Species of butterfly

Macrosoma albida is moth-like butterfly described by William Schaus in 1901. It belongs to the family Hedylidae. Originally it belonged to the genus Hyphedyle.

==Distribution==
The species is found in Costa Rica, at altitudes between 0 and 700 meters in the Cordillera de Guanacaste as well as in Rio de Janeiro, eastern and southern Brazil.

==Description==
===Wings===
Adults has white wings with a black spot; the forewing has black irrorations on both surfaces at base of costa.

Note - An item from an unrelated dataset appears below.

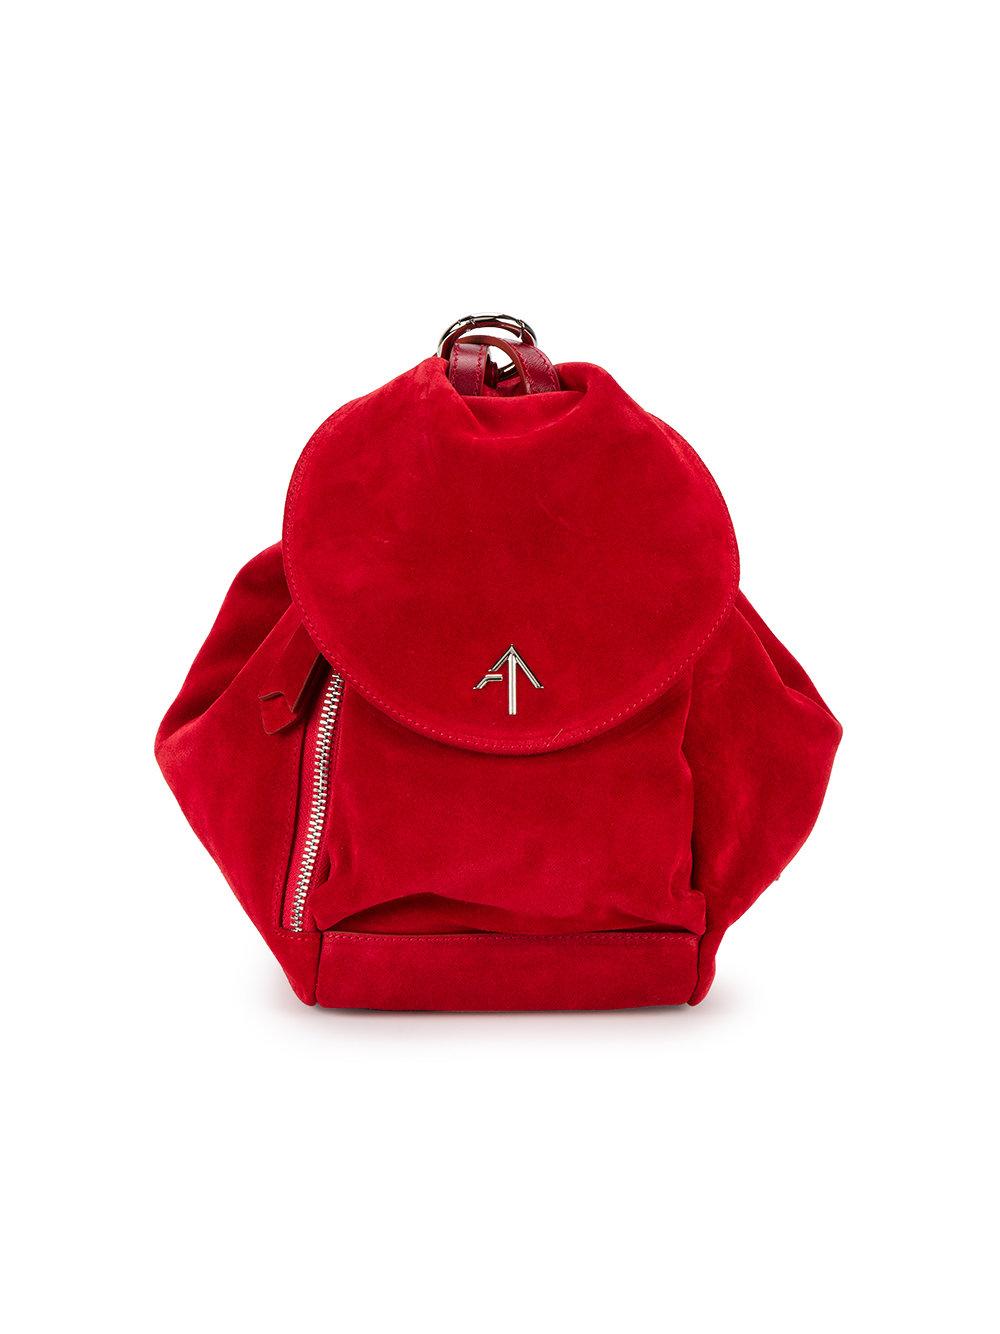 MANU ATELIER backpack - $520

The length of the forewing can be 17–22 mm:
- Male: 17.5 mm in average.
- Female: 19 mm in average.

===Genitalia===
====Male====
Following are the characteristics of the male genitalia:
- The medial component of gnathos is tongue-shaped but not down curved.
- Broadly terminating denticulate lateral components.
- Valva is subrectangular with digit-like projection.

====Female====
The female genitalia is same as M. rubedinaria shows the following features:
- The anal papillae is more pointed than rounded.
- Long ductus bursae.
- Denticulate signum in the corpus bursae.

===Antenna===
The antenna of M. albida is not bipectinate.

==Diagnosis==
The wing pattern is distinct. Whereas in M. ustrinaria the wings bear scattered irrorations, in M. albida the irrorations are confined to the base of the costa of the forewing. The male genitalia are similar to those of M. ustrinaria, but differ slightly in the shape of the valva.